The Corner

Timiditas et Deditio

“Cowardice and Surrender.” That’s Roger Kimball’s apt suggestion for a new motto at Yale University Press. The publisher certainly shouldn’t be permitted to travel under Yale’s pretension to “Lux et Veritas.”  As the New York Times sympathetically reported yesterday, YUP has just released a book about the Danish cartoons depicting Mohammed — the images that stirred (or, rather, were used as an excuse by by) Islamist elements to commit global mayhem. There’s just one thing missing from the book: the Danish cartoons depicting Mohammed. Too provocative, you see, to include the pictures in a book about the pictures. The author, Brandeis’s Prof.
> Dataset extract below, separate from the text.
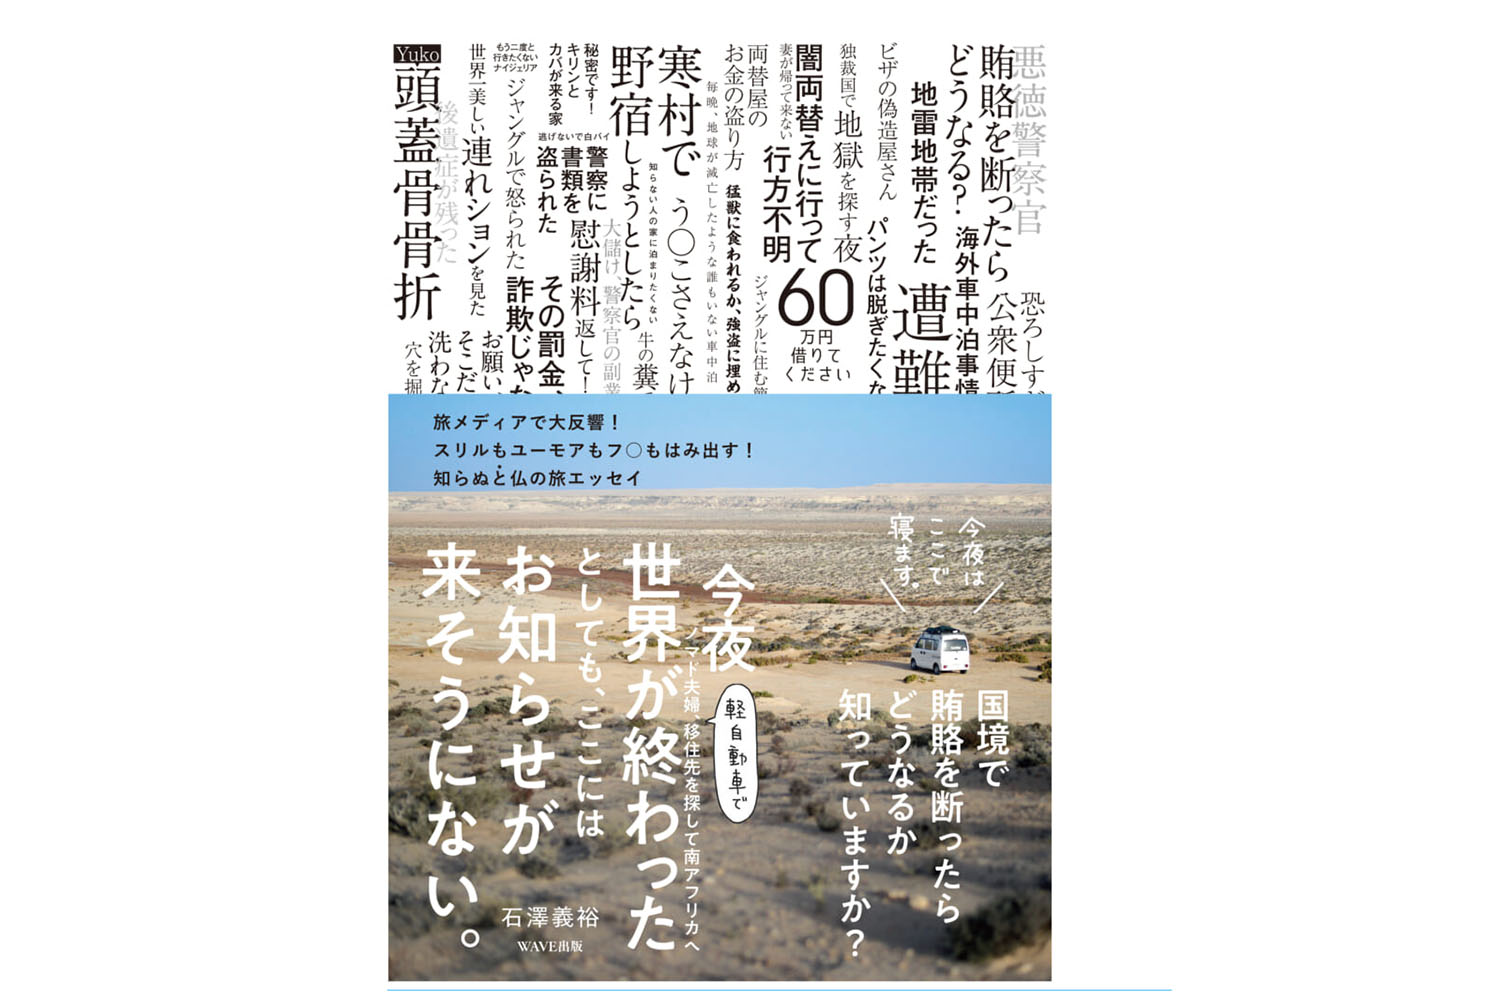 なかなか日本に帰れない!? 　旅の本屋さんが選ぶ「今すぐ冒険に出たくなる本 vol.12」『今夜世界が終わったとしても、ここにはお知らせが来そうにない。』　　
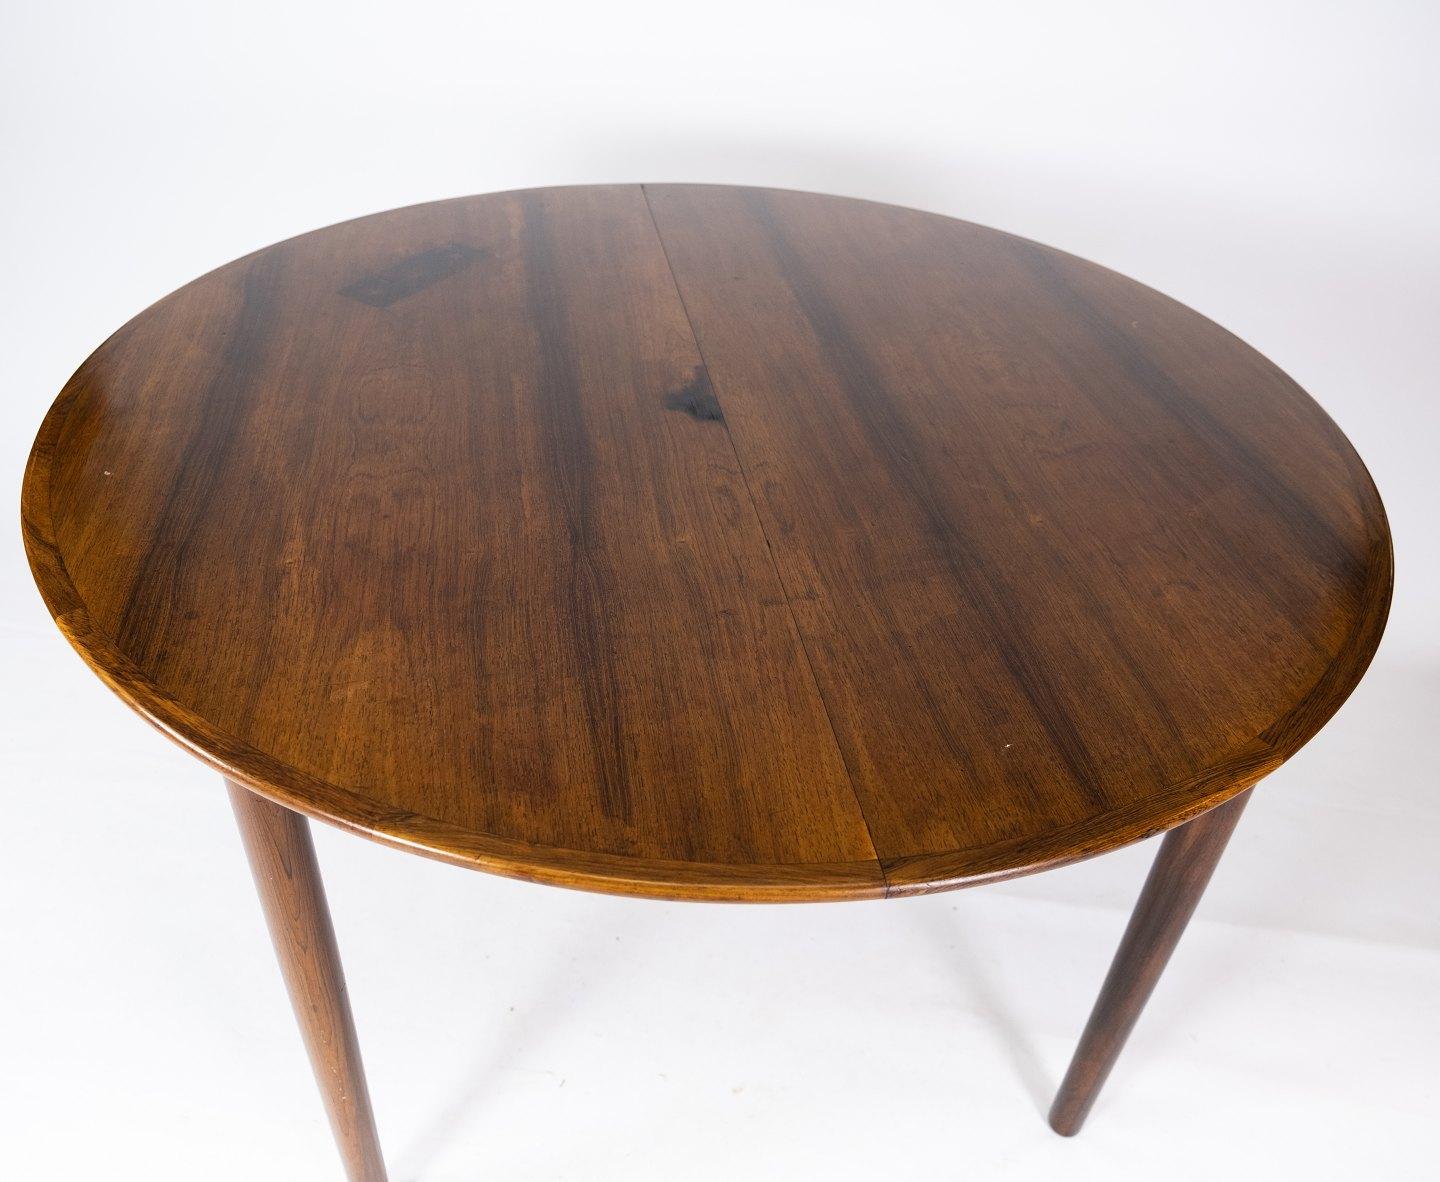 Dieser Esstisch aus Palisanderholz, entworfen von Arne Vodder in den 1960er Jahren, ist ein bemerkenswertes Beispiel für dänisches Möbeldesign aus dieser Zeit. Die warmen Farben und schönen Muster des Palisanderholzes verleihen dem Tisch ein

Jyett Klausen, is said to have “reluctantly accepted” the decision — evidently, being published by Yale is more important than what is published by Yale.

Roger reproduces the widely available cartoons on his Pajamas blog (Roger’s Rules), along with another depitction YUP found too insensitive to include in the book: a sketch by the 19th-century artist Gustave Doré of an episode from Dante’s Inferno in which Mohammed is tormented in hell (an episode that, the Times notes, has also been depicted by Botticelli, Blake, Rodin and Dalí). As Roger adds, Yale’s

capitulation takes its disgraceful place in an increasingly long line of Western capitulations to Islamic intolerance. Earlier this year, the British government decided to deny Geert Wilders, the Dutch politician and critic of radical Islam, entry in the the UK. Why? Because his film Fitna, which is critical of Muslim extremism, might upset the Muslim population of Britain. Perhaps the single best question about this shameful episode was posed by the British comic Pat Condell, “How much more of your freedom needs to be whittled away to defend this intolerant, misogynistic, homophobic, antisemitic ideology from the robust and frank and open criticism that it so richly deserves?” 

. . . Aristotle was right when he observed that courage is the most important of the virtues because without courage we cannot practice the other virtues. This is a lesson [YUP director John] Donatich has yet to learn.